All being well, you now have the desired reviews read in. But we don't yet have them in a convenient DataFrame:

In [26]:
type(reviews)

list

In [27]:
len(reviews)

67

Convert your reviews into a DataFrame now. _Hint: you may find pandas concat method useful here._

In [28]:
# task convert your reviews into a DataFrame
# one line of code here
reviews = pd.concat(reviews)

In [29]:
reviews.shape

(145508, 9)

In [30]:
reviews.head()

Unnamed: 0,business_id,cool,date,funny,review_id,stars,text,useful,user_id
5,eU_713ec6fTGNO4BegRaww,0,2013-01-20 13:25:59,0,fdiNeiN_hoCxCMy2wTRW9g,4,I'll be the first to admit that I was not exci...,0,w31MKYsNFMrjhWxxAb5wIw
19,y-Iw6dZflNix4BdwIyTNGA,0,2014-06-27 21:19:23,0,4bUyL7lzoWzDZaJETAKREg,3,Good selection of classes of beers and mains. ...,0,_N7Ndn29bpll_961oPeEfw
27,Gyrez6K8f1AyR7dzW9fvAw,1,2013-12-28 22:28:08,0,qm97yMwREr7BKkexlwLFbg,5,their pettuccine was fresh-made in the morning...,0,TTRVdTXKcq-xn6-1IWbwEw
96,Gyrez6K8f1AyR7dzW9fvAw,1,2017-01-02 03:48:03,1,l7KB334CXThAcmZPOvF1zw,2,"Normally, I give a restaurant at least 3 stars...",3,N6zhXHPIrCXommDEg0Rw3g
103,ZLuWpmvO41w2bSwufgfUlQ,3,2010-08-20 22:38:10,0,XRCS5zr29DOxlCXKKKwwAw,5,This is my first yelp. This restaurant was so...,1,2ROluW4TNFbkO3qLtihhaQ


## Save the output
Having done all this hard work filtering our review file, and documenting the process in this notebook, we need to save the output. Go ahead and save the reviews DataFrame to a csv called 'reviews_filtered.csv'.

In [31]:
# task: save the DataFrame to the specified file now.
# don't forget to use index=False
reviews.to_csv('reviews_filtered.csv',index = False)
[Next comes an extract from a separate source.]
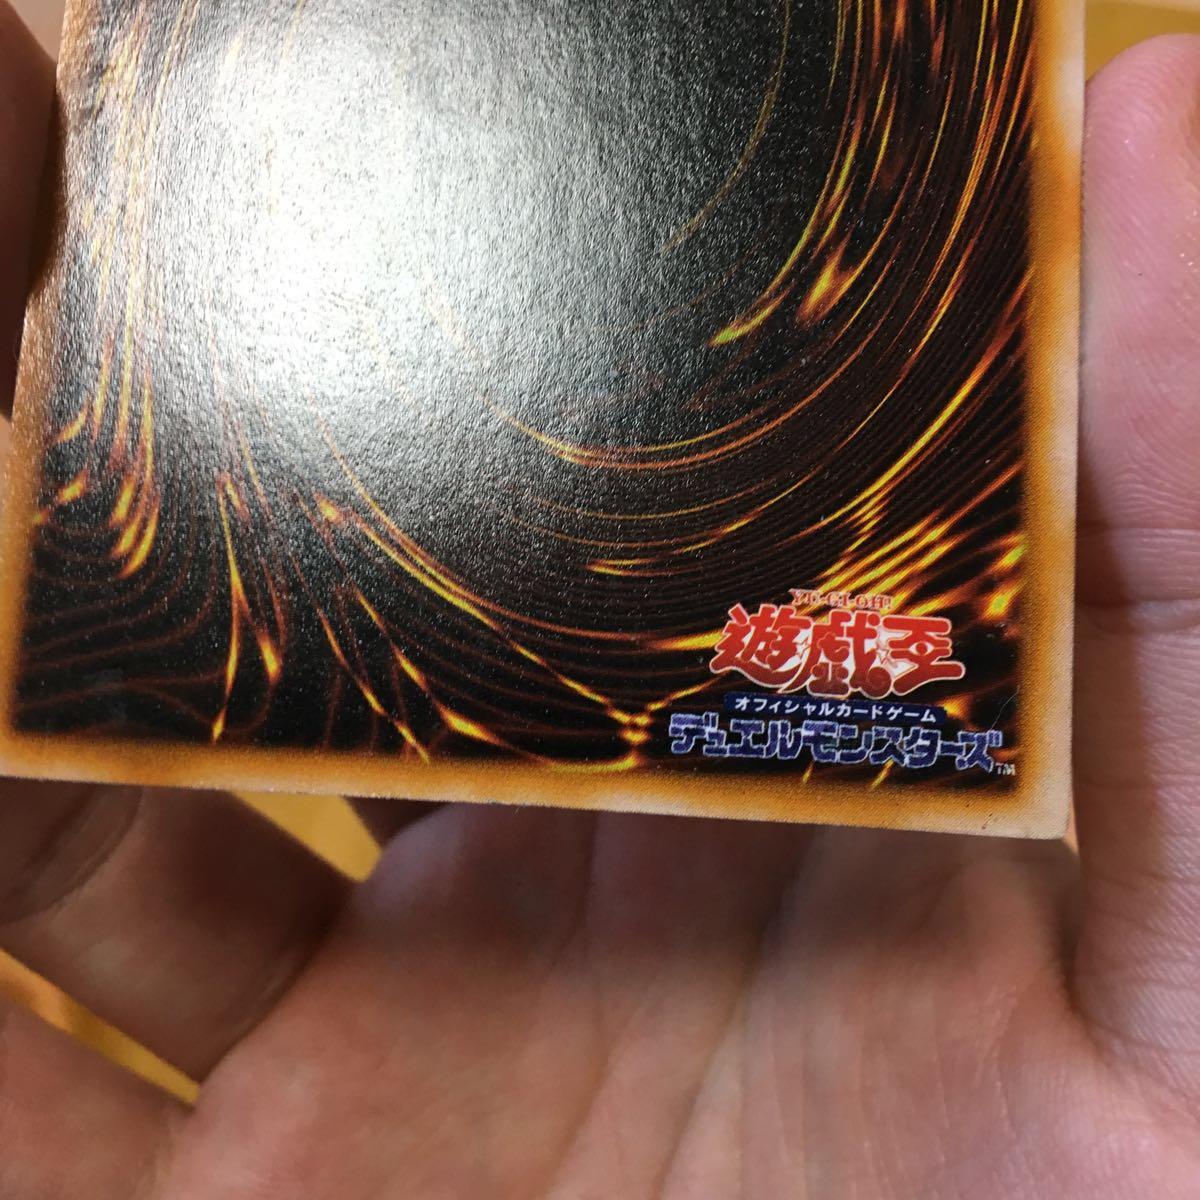 遊戯王 青眼の白龍 (通称 シクブル)シークレットレア Vジャンプフェスタ1999 送料無料_画像7

If you inspect the file listing for the original json file and our new csv file, you should see we've gone from around 4.4 GB down to 325 MB. This is much more manageable!

# Summary
Great work! So far in our project you've seen how to break a problem down and identify relevant data, use data to gain insight and make a decision, and then leverage that knowledge to extract a desired subset of data from an otherwise unmanageable larger file. In the next notebook we'll dive into this data.